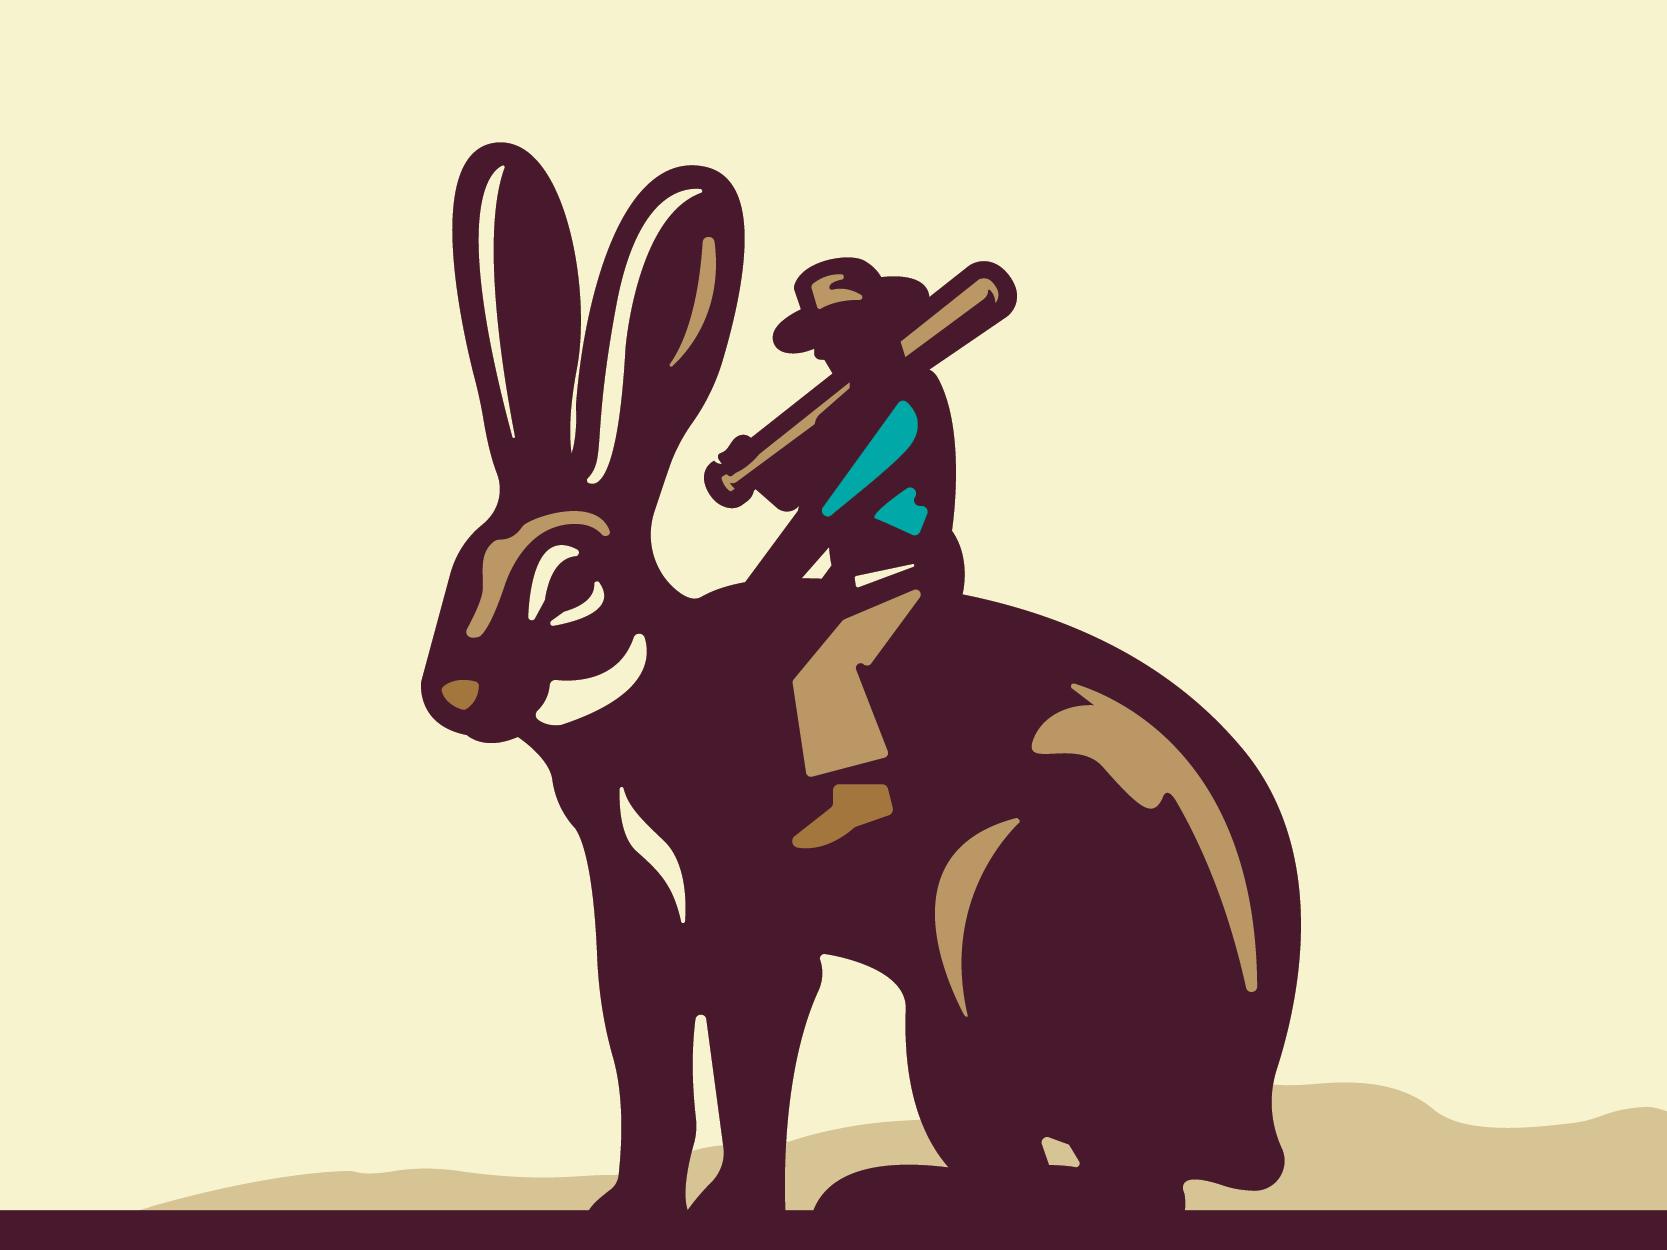 Dribbblejackrabbit 01
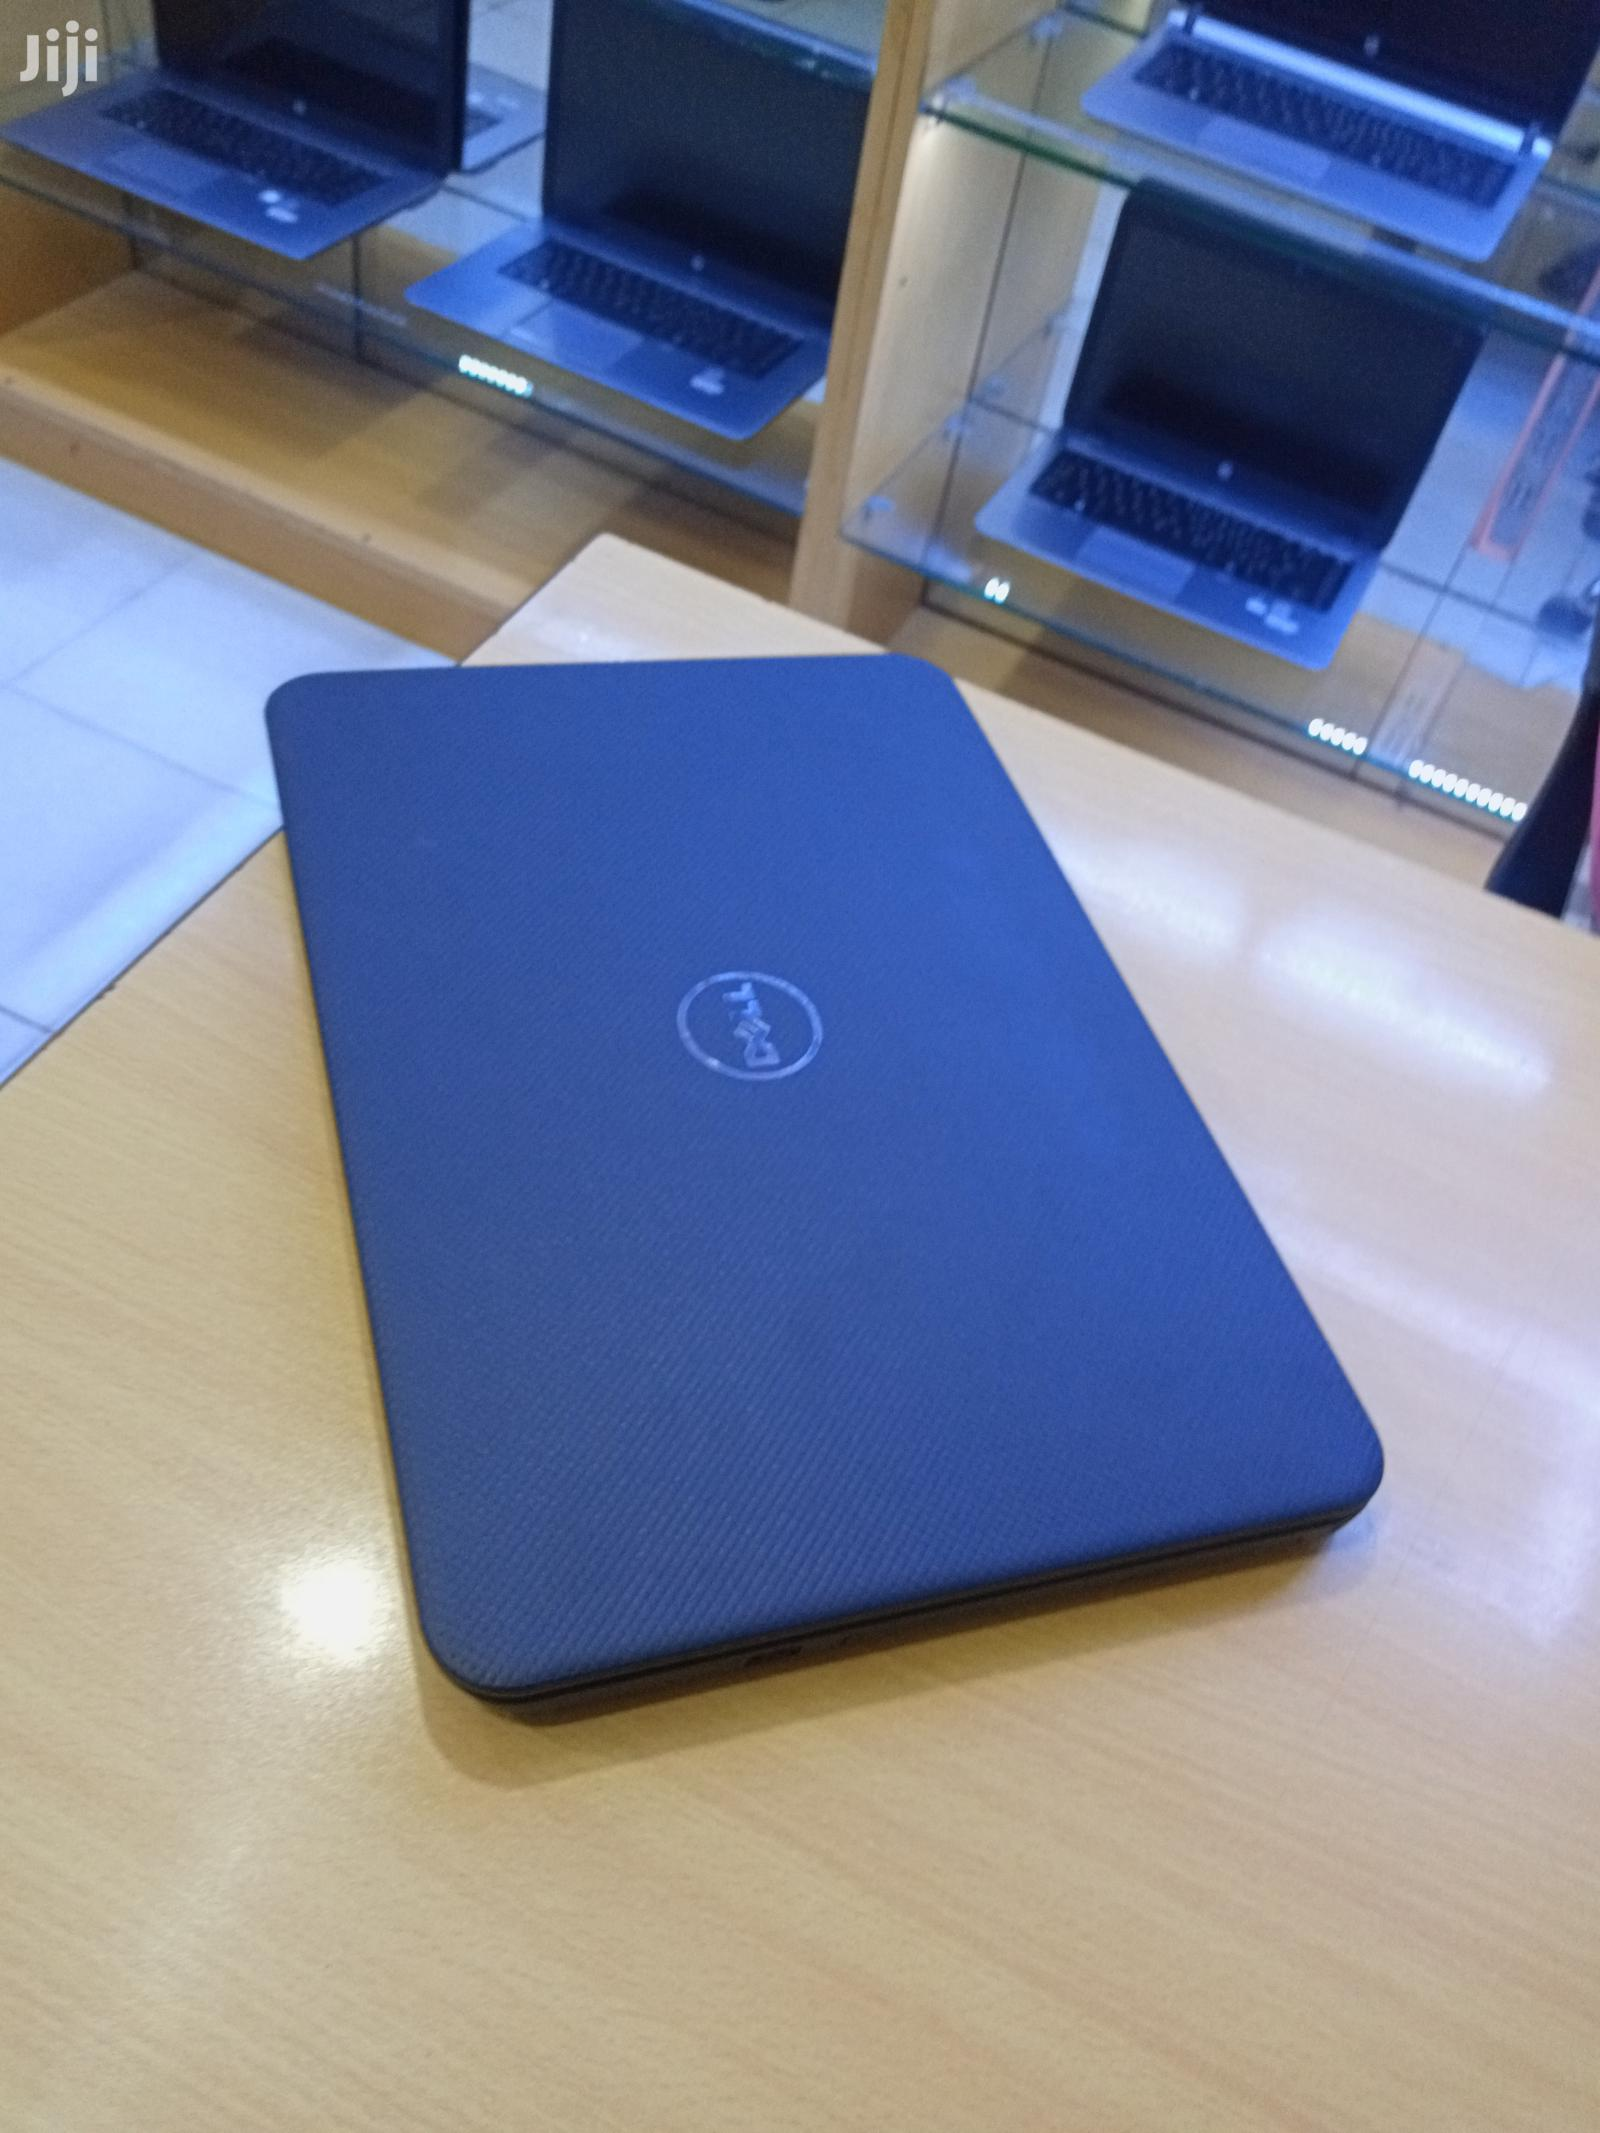 Dell Inspiron 15 15.6 Inches 500 Gb Hdd Core I5 4 Gb Ram
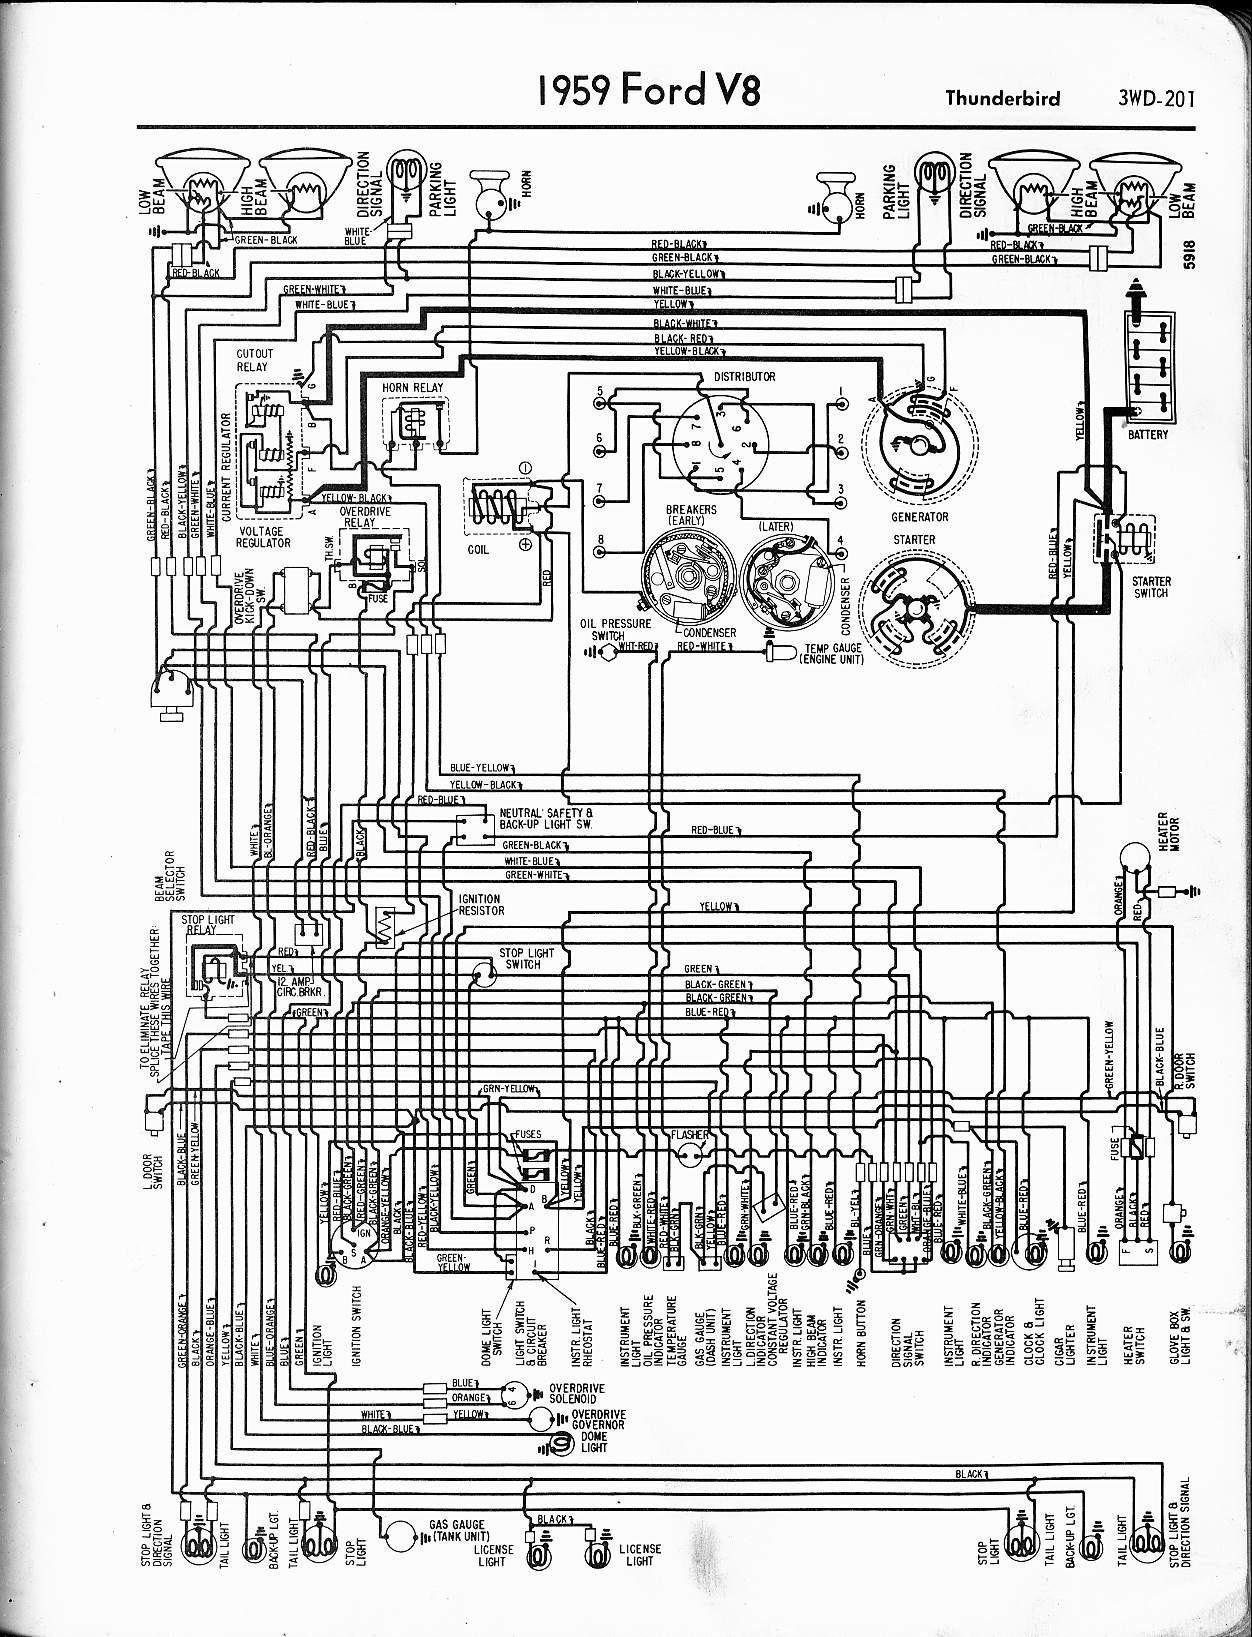 Ba Falcon Engine Diagram 57 65 ford Wiring Diagrams Of Ba Falcon Engine Diagram
═══
YOUR TASK: Starting with the line that holds "Dell Inspiron 15", transcribe exactly each line through the last one of the material above, and nothing else. Do not include pictures.

WRITTEN ANSWER:
 Dell Inspiron 15 15.6 Inches 500 Gb Hdd Core I5 4 Gb Ram
 Ba Falcon Engine Diagram 57 65 ford Wiring Diagrams Of Ba Falcon Engine Diagram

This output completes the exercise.